New Zinc Finger Model Shows Promise for Gene Therapy
Researchers at the University of Toronto and New York University have developed a novel technology that can engineer proteins to target any stretch of DNA in the human genome, opening a door toward gene therapies for a broader range of health conditions.
The researchers fed data from billions of interactions between zinc finger proteins and DNA into a machine-learning model, which can then generate engineered zinc fingers that bind to any given sequence of DNA.
“Designing zinc fingers to bind specific DNA targets has been an unsolved problem for decades,” said Philip M. Kim, a professor in the Donnelly Centre for Cellular and Biomolecular Research at U of T’s Temerty Faculty of Medicine. “Our work should enable a new generation of in vivo therapeutics, which have proven difficult to develop with CRISPR and other DNA targeting technologies.”
The journal Nature Biotechnology published the findings today.
Zinc fingers are a common class of human proteins that regulate gene expression, a process that transcribes genetic information into RNA molecules and proteins. Scientists have long seen their potential because they naturally bind with DNA, are less likely than CRISPR and related technologies to trigger an immune reaction, and are small enough to work with clinical delivery methods.
But zinc fingers were hard to engineer — for every new DNA target, scientists had to engineer a new protein through a laborious and often unsuccessful workflow. The new system solves this problem with a universal model that offers ease of use comparable to CRISPR, and potentially higher DNA specificity.
“I think this system levels the playing field for zinc fingers and CRISPR,” said Kim, who is also a professor of molecular genetics and computer science at U of T. “CRISPR is very established for fundamental science, but our system has many advantages for applications in living systems, in particular that zinc fingers are human proteins and would be safer as injected drugs.”
The system can also generate many different proteins that do the same thing, offering more options for moving treatments toward the clinic.
Kim and his lab developed the zinc finger model with a research group at NYU Langone Health led by Marcus Noyes, an assistant professor of biochemistry and molecular pharmacology in the Institute for Systems Genetics at the Grossman School of Medicine.
The Noyes lab has studied zinc fingers for years, and they compiled data on 49 billion interactions among zinc finger proteins and DNA by creating high-throughput screens of several zinc finger libraries. Their approach combined two levels of data: interactions between single zinc fingers and DNA, and between each zinc finger and its neighbouring finger.
These zinc finger pair interactions influence DNA binding and hence gene expression.
The machine-learning model developed by Kim and his group mirrors the data synthesis approach in the Noyes lab. “Our model is hierarchical, so it takes advantage of existing data from their first stage of screening — and a subset of their stage-two data — to develop predictions about which zinc fingers will be compatible with others in certain contexts,” said Osama Abdin, a doctoral student in Kim’s lab and co-first author on the paper.
The model is based in part on technology that also forms the basis of ChatGPT, a software application developed by OpenAI that simulates human conversation. The model generates amino acid sequences for zinc finger proteins using large, highly detailed data sets and techniques similar to natural language processing.
The researchers showed the utility of the zinc finger system, which they dubbed ZFDesign, by reprogramming human transcription factors — zinc finger proteins that regulate the transcription of DNA to RNA. They tweaked the DNA binding targets of several transcription factors and programmed them to either activate or repress multiple genes, working with Professors Tim Hughes and Mikko Taipale in the Donnelly Centre.
Clinical application of reprogrammed transcription factors could target diseases caused by haploinsufficiency — deletion or inactivation of a copied gene, as in some cancers and the connective tissue disorders known as Ehlers-Danlos syndrome — or those linked to toxic genetic repeats, as in neurodegenerative conditions such as ALS, Parkinson’s and Huntington’s disease.

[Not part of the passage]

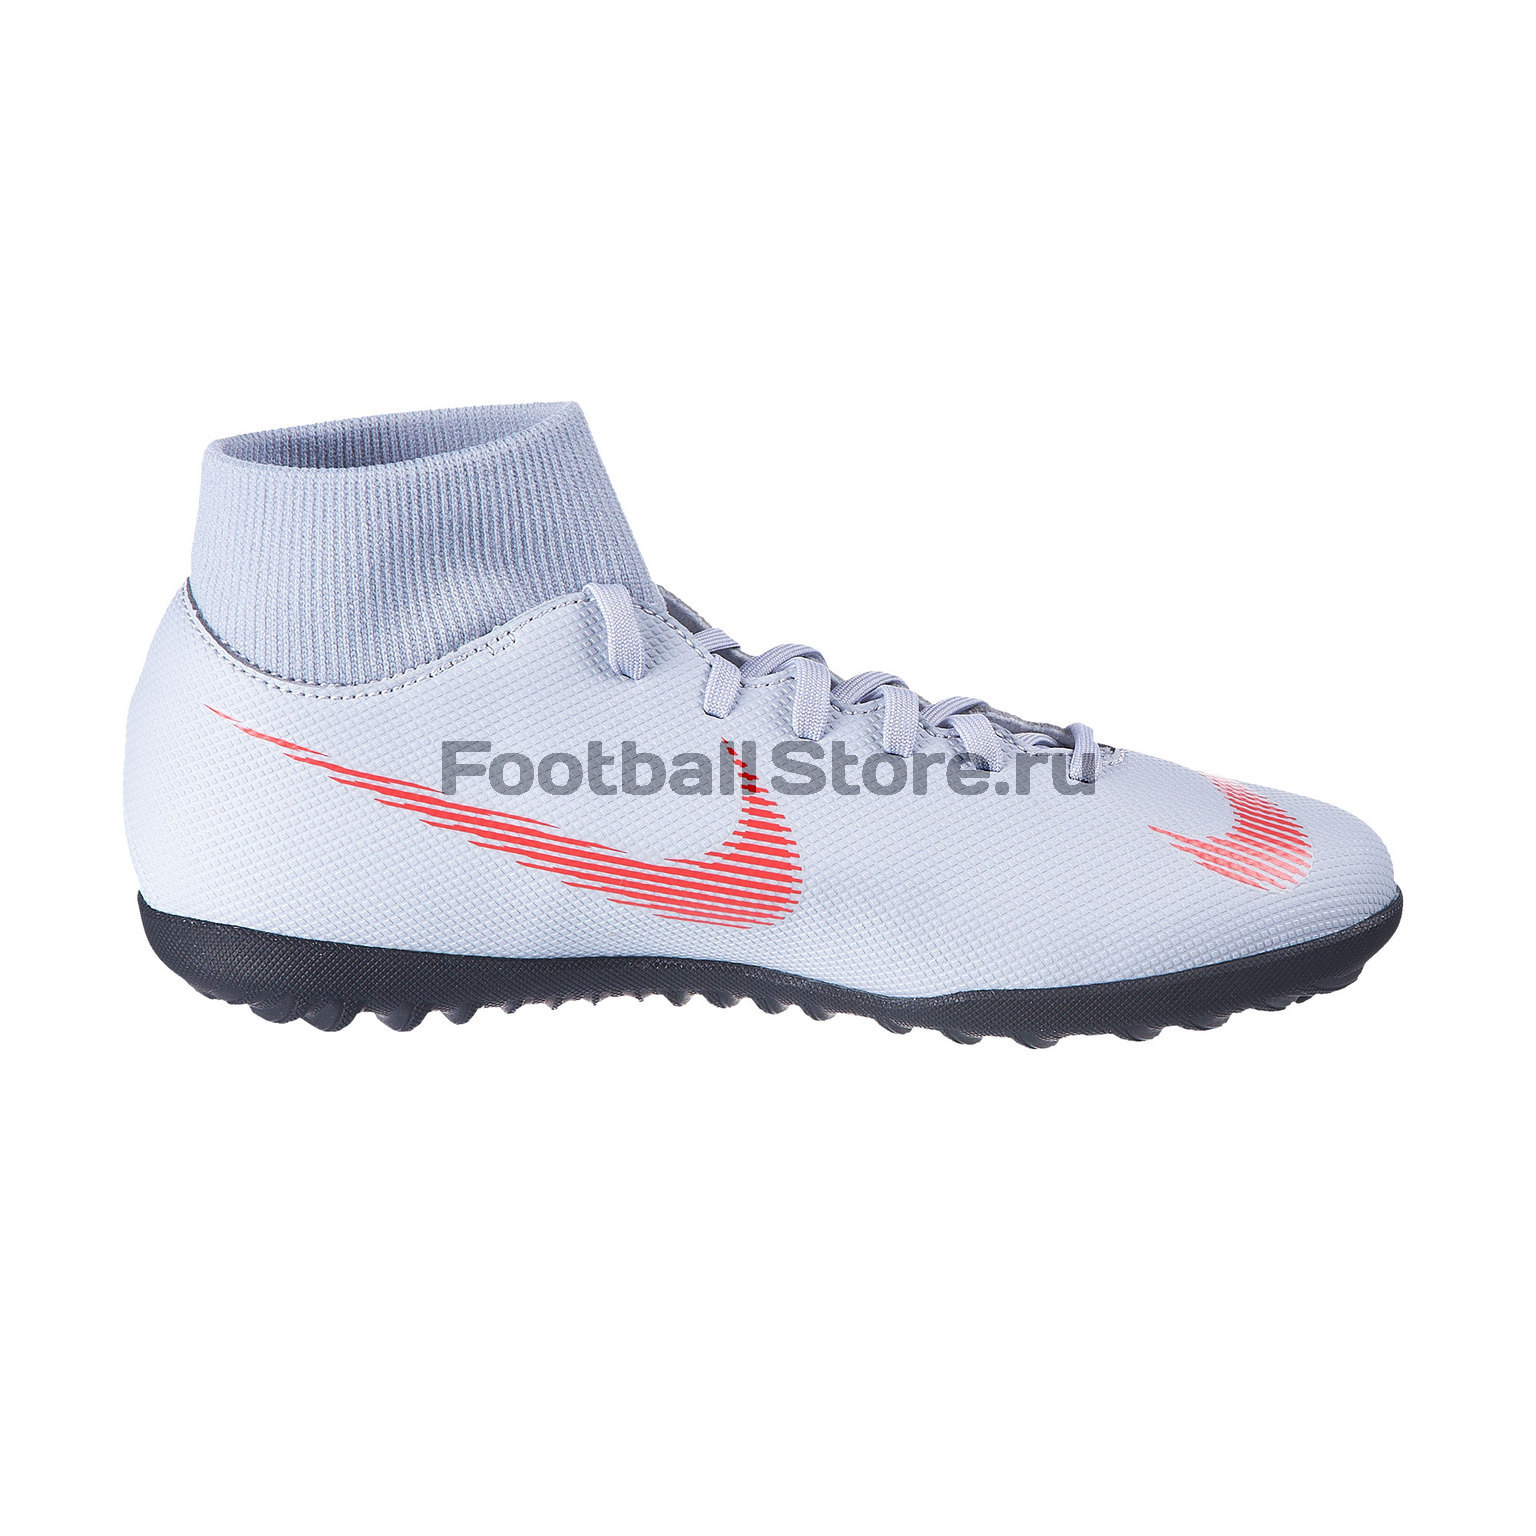 Шиповки Nike SuperflyX 6 Club TF AH7372-060

Kim said the system already generates designs for zinc finger proteins with clinical potential, and that both his team in Toronto and the group in New York were surprised by how well it worked. The researchers have started a company, TBG Therapeutics, that aims to develop new therapies using this technology.
The new system also holds promise for gene editing and other applications where CRISPR is useful, although its impact will likely be strongest in the area of reprogramming transcription factors, Kim said.
The next step is to improve specificity in the system. “The current model is designed to optimize the engagement of a given zinc finger protein with its target, but has no built-in awareness of interactions to other targets,” said Kim. “Optimizing for specificity will entail modeling these other interactions.”
The researchers are well on their way to building a model that offers more specificity, Kim said. “There is a lot of excitement around this work in the fields of epigenetics and gene therapy, and I look forward to seeing what we can achieve with this technology.”
The research was supported by grants from the U.S. National Institutes of Health, Canadian Institutes of Health Research, Compute Canada Resource Allocation, Frederick Banting and Charles Best Canada Graduate Scholarship, and the Ontario Graduate Scholarship.